A door opened in a back room; bedroom, I assumed. A petite teenaged girl stepped into the shadowed hall wearing a white blouse and short plaid skirt, the kind of dress worn by parochial schoolgirls. She had on blue knee socks and patent-leather loafers. I was about to turn and bust bathrobe boy for statutory rape when the girl stepped into the living-room’s light.

I saw her youth was a façade of make-up, a lie of cosmetology. Squint and she was fourteen, open your eyes and she was forty-something. The effect was freakish, like a mummy with ten coats of pink paint, or something from a Ray Bradbury sideshow.

“I ain’t done nothing wrong,” the girl protested. Her whisky-soaked voice was three hundred years older than her appearance and suggested she’d done plenty wrong, but was pretty sure I wasn’t currently catching her at it.

“LaVernia Teasdale?” I asked, still spooked by the carnival face. “Formerly Bailes?”

“It was Bailes for four fuckin’ months. That was twenny-something years ago. Whadya want?”

“You’re Terry Lee’s Bailes’s mother?”

She lit a cigarette and let the smoke drift from her nose as she talked. “I ain’t seen that chickenshit kid in forever. Two years, mebbe.”

“How long did he live with you?” I figured there wasn’t much to be gleaned here, information-wise, but I tried for a bit of background before I laid the ugly news on her.

She shrugged. “’Til he was fifteen, sixteen? He kept running off, nothing I could do. So one day I just didn’t call the cops to look for him any more.”

“That was the last time you heard from him?” I asked.

She shrugged. “He calls mebbe once a year. He gets his ass in jail for some pissy-ass thing and calls me whining for bail money.”

“You ever give him any?” I asked.

“I don’t steal the shit. Why should I pay his bail?” She grinned. “Terry Lee still got a face like a squished basketball?”

The casualness of her words roiled my stomach. I breathed down anger and let a few seconds pass.

“I’m sorry to tell you this, ma’am,” I said, “but your boy’s dead.”

A look of mild confusion. “You mean like…dead?”

“Yes, that’s the dead I mean.”

She frowned at the news. Stubbed the cigarette dead in the ashtray.

“What am I s’posed to do now?”

“You might ask how he died,” I suggested, feeling my jaw muscles clench. “Or grieve.

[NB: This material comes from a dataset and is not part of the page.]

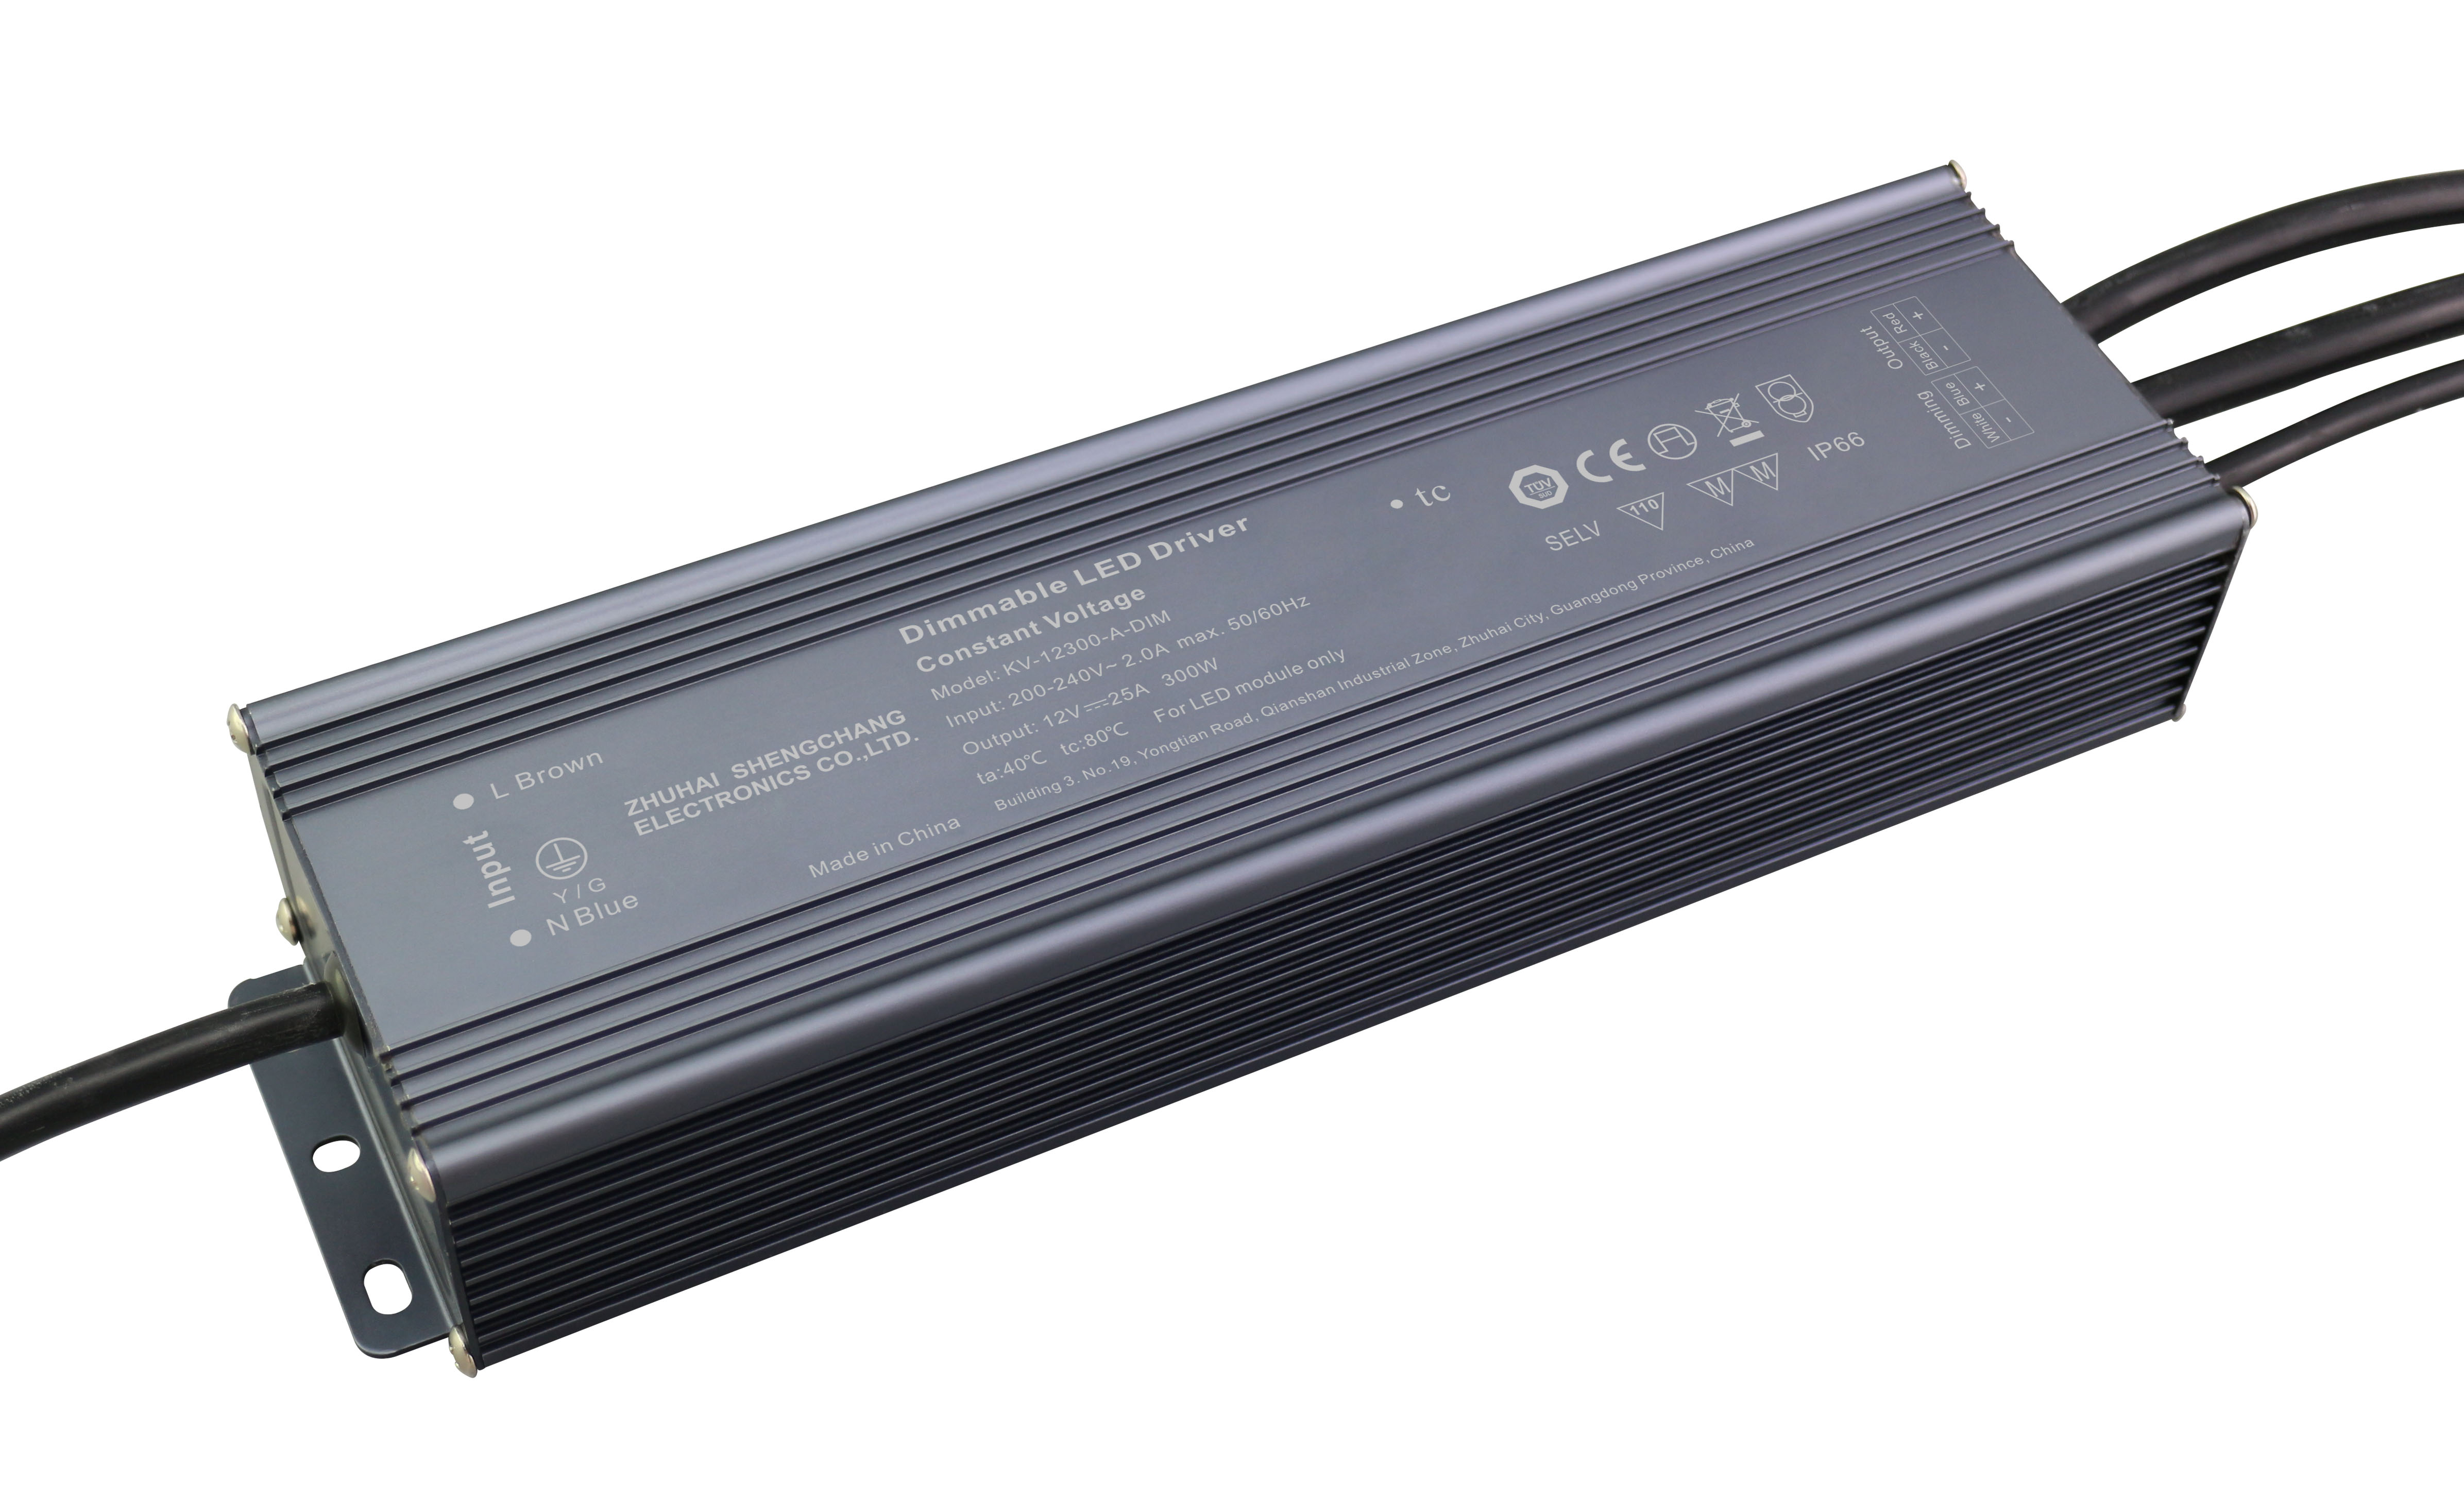 KV-A-DIM Series 300W 0/1-10V constant voltage dimmable LED driver

Or pray for his soul.”

None of my proposals seemed appealing. She looked to Fabio Hair for a second opinion. “What am I s’posed to do, Sweets?”

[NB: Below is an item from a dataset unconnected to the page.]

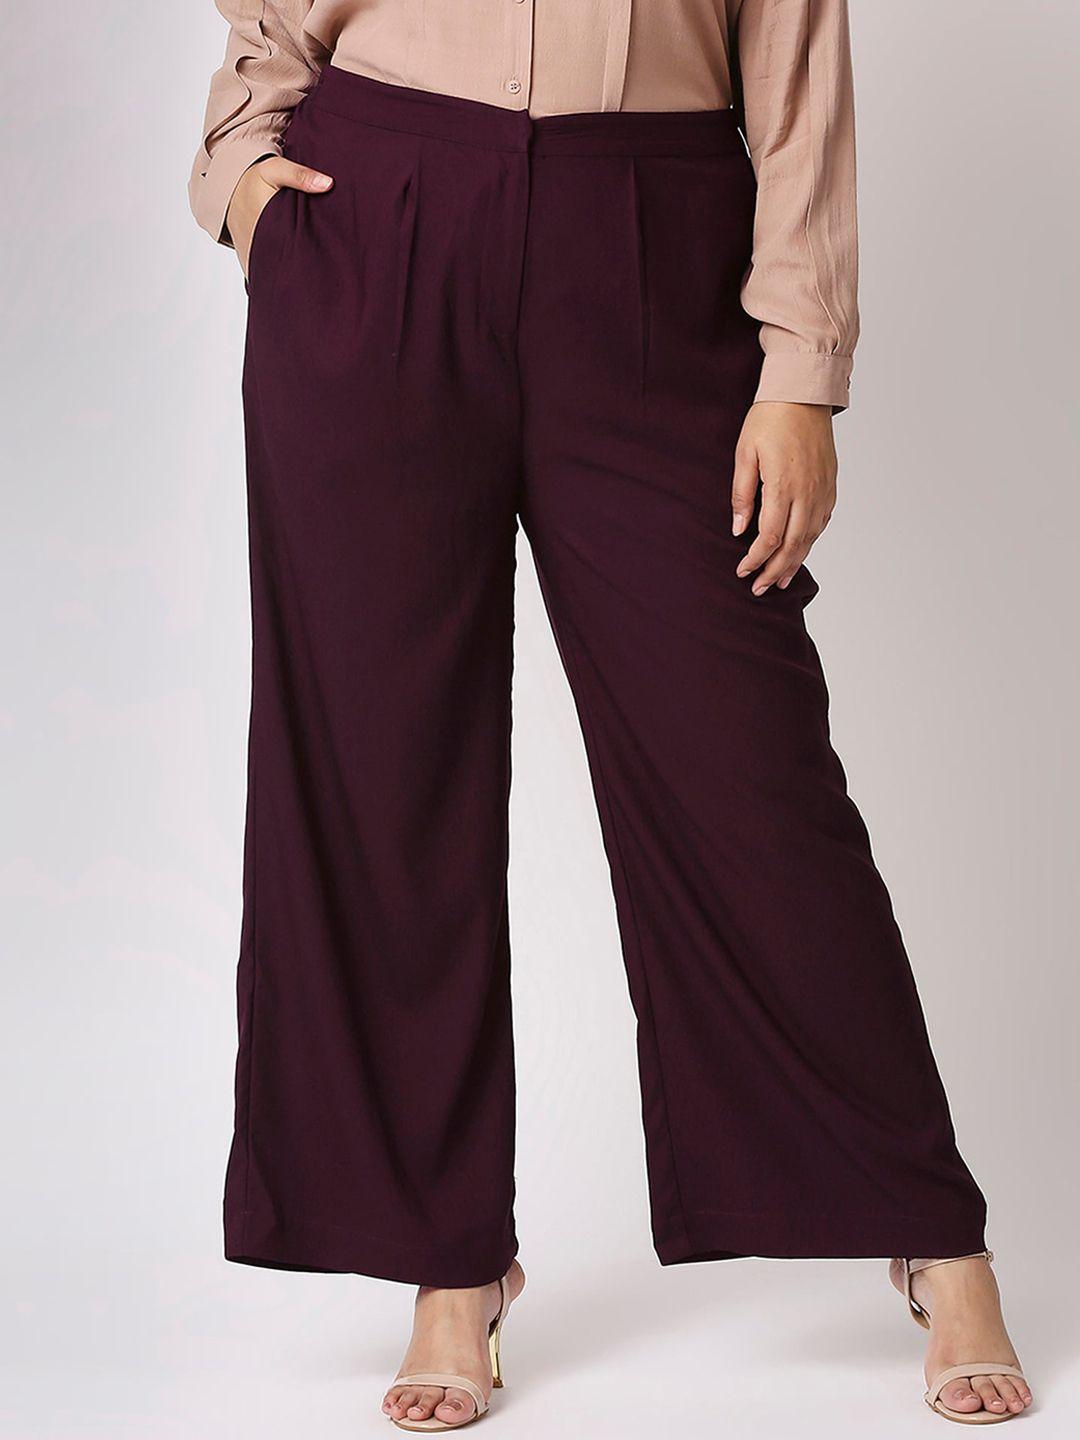 20dresses women maroon high-rise pleated plus size trousers

“Sweets” looked at me, a frown of concern on his broad face. He stepped close for a man-to-man conference. “This thing with Terry Lee,” he asked. “It gonna cost her anything to deal with?”

“He was over twenty-one,” I said, hearing drumbeat thunder in my head. “There’s no paternal obligation, legally. If the State drops Terry Lee into an unmarked hole, it won’t cost a penny. But she might consider a small service, something to honor his life.”

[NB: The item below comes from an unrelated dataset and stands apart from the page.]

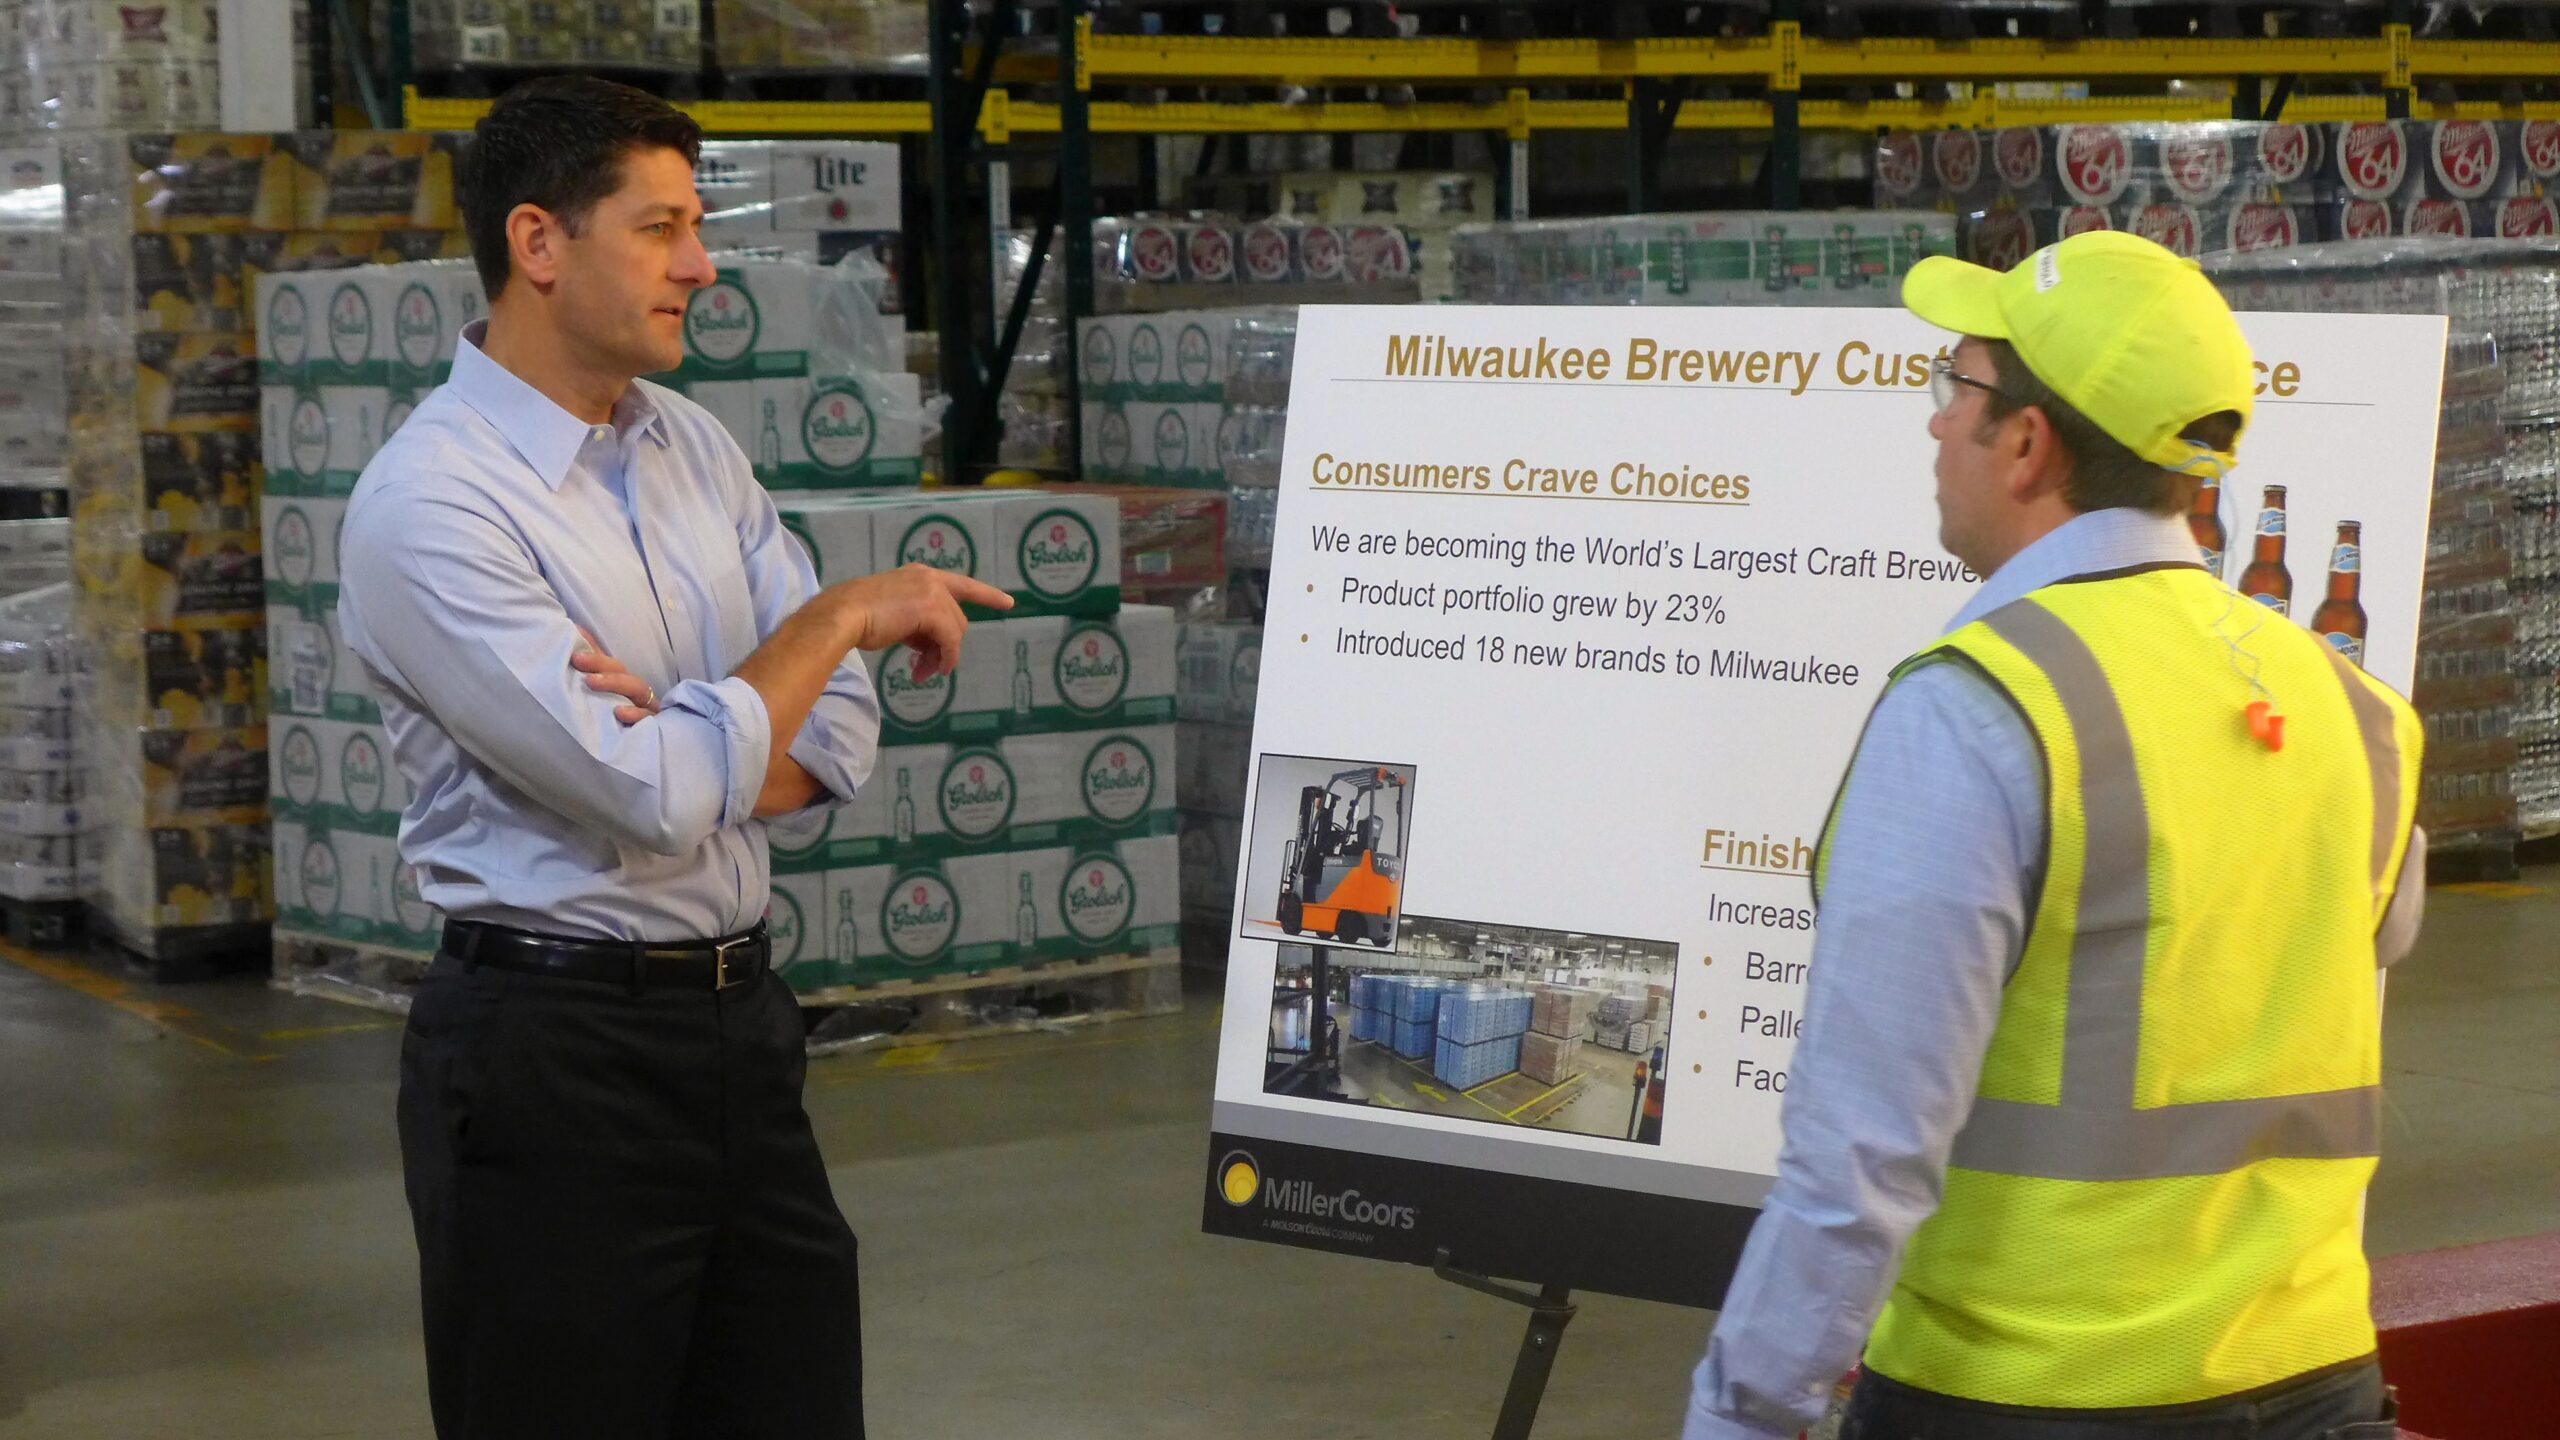 House Speaker Paul Ryan met with Tom Ruffulo, the customer service department manager, at the Miller Brewery in Milwaukee.

Vernia Teasdale nee Bailes was eavesdropping.

“I ain’t got money for no fancy services and shit,” she brayed. “I got a tough life.”

The drumming in my head ramped into a roar, like an overloaded dynamo. From beside me the coffee table launched from the floor into the smelly little room to the side, taking out the camera and the lights and causing sparks to pop from a junction box on the floor.

The action seemed in slow motion. I remember a lot of yelling, but by the time I walked out, Mrs Teasdale and Sweets were nicely quiet.

When I got in the car Harry looked between me and the house.

“You OK, Cars? You’re kind of red in the face.”

“It was warm in there.”

He raised a curious eyebrow. “But everything went fine, right?”

“Hunky-dory, bro. How ‘bout we get a move on?”